# WORK TO BE COMPLETED
Word for word, print every entry below.

# SUPPLIED DATA
——

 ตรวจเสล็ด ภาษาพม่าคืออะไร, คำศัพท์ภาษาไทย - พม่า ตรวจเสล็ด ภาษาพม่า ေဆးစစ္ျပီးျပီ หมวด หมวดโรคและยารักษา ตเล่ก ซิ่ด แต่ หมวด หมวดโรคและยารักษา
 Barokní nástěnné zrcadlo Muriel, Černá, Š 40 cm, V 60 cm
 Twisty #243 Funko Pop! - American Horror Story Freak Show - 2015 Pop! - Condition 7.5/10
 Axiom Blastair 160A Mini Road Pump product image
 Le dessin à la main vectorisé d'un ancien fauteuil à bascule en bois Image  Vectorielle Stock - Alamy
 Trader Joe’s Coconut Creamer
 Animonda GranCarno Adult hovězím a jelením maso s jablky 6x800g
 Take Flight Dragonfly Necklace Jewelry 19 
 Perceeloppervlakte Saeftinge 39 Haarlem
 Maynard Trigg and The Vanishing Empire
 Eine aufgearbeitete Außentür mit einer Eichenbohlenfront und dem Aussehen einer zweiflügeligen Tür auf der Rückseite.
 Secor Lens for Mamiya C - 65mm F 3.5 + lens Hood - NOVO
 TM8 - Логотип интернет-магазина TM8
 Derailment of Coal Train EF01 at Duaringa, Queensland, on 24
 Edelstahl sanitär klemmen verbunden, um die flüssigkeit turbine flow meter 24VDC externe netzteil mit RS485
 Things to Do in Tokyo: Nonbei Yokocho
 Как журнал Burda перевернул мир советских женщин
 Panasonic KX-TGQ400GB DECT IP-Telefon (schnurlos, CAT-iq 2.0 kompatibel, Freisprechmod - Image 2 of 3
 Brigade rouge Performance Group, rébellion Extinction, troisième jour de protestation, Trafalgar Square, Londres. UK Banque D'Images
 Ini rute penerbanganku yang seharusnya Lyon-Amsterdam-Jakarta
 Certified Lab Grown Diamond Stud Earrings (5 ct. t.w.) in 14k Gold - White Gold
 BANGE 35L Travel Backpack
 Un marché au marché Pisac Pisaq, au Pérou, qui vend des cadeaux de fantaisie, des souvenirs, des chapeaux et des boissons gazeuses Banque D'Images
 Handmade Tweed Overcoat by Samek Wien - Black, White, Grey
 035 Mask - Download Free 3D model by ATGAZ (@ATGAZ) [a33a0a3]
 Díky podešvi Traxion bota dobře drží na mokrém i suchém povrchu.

——

# RESPONSE TO THE EXERCISE
 ตรวจเสล็ด ภาษาพม่าคืออะไร, คำศัพท์ภาษาไทย - พม่า ตรวจเสล็ด ภาษาพม่า ေဆးစစ္ျပီးျပီ หมวด หมวดโรคและยารักษา ตเล่ก ซิ่ด แต่ หมวด หมวดโรคและยารักษา
 Barokní nástěnné zrcadlo Muriel, Černá, Š 40 cm, V 60 cm
 Twisty #243 Funko Pop! - American Horror Story Freak Show - 2015 Pop! - Condition 7.5/10
 Axiom Blastair 160A Mini Road Pump product image
 Le dessin à la main vectorisé d'un ancien fauteuil à bascule en bois Image  Vectorielle Stock - Alamy
 Trader Joe’s Coconut Creamer
 Animonda GranCarno Adult hovězím a jelením maso s jablky 6x800g
 Take Flight Dragonfly Necklace Jewelry 19 
 Perceeloppervlakte Saeftinge 39 Haarlem
 Maynard Trigg and The Vanishing Empire
 Eine aufgearbeitete Außentür mit einer Eichenbohlenfront und dem Aussehen einer zweiflügeligen Tür auf der Rückseite.
 Secor Lens for Mamiya C - 65mm F 3.5 + lens Hood - NOVO
 TM8 - Логотип интернет-магазина TM8
 Derailment of Coal Train EF01 at Duaringa, Queensland, on 24
 Edelstahl sanitär klemmen verbunden, um die flüssigkeit turbine flow meter 24VDC externe netzteil mit RS485
 Things to Do in Tokyo: Nonbei Yokocho
 Как журнал Burda перевернул мир советских женщин
 Panasonic KX-TGQ400GB DECT IP-Telefon (schnurlos, CAT-iq 2.0 kompatibel, Freisprechmod - Image 2 of 3
 Brigade rouge Performance Group, rébellion Extinction, troisième jour de protestation, Trafalgar Square, Londres. UK Banque D'Images
 Ini rute penerbanganku yang seharusnya Lyon-Amsterdam-Jakarta
 Certified Lab Grown Diamond Stud Earrings (5 ct. t.w.) in 14k Gold - White Gold
 BANGE 35L Travel Backpack
 Un marché au marché Pisac Pisaq, au Pérou, qui vend des cadeaux de fantaisie, des souvenirs, des chapeaux et des boissons gazeuses Banque D'Images
 Handmade Tweed Overcoat by Samek Wien - Black, White, Grey
 035 Mask - Download Free 3D model by ATGAZ (@ATGAZ) [a33a0a3]
 Díky podešvi Traxion bota dobře drží na mokrém i suchém povrchu.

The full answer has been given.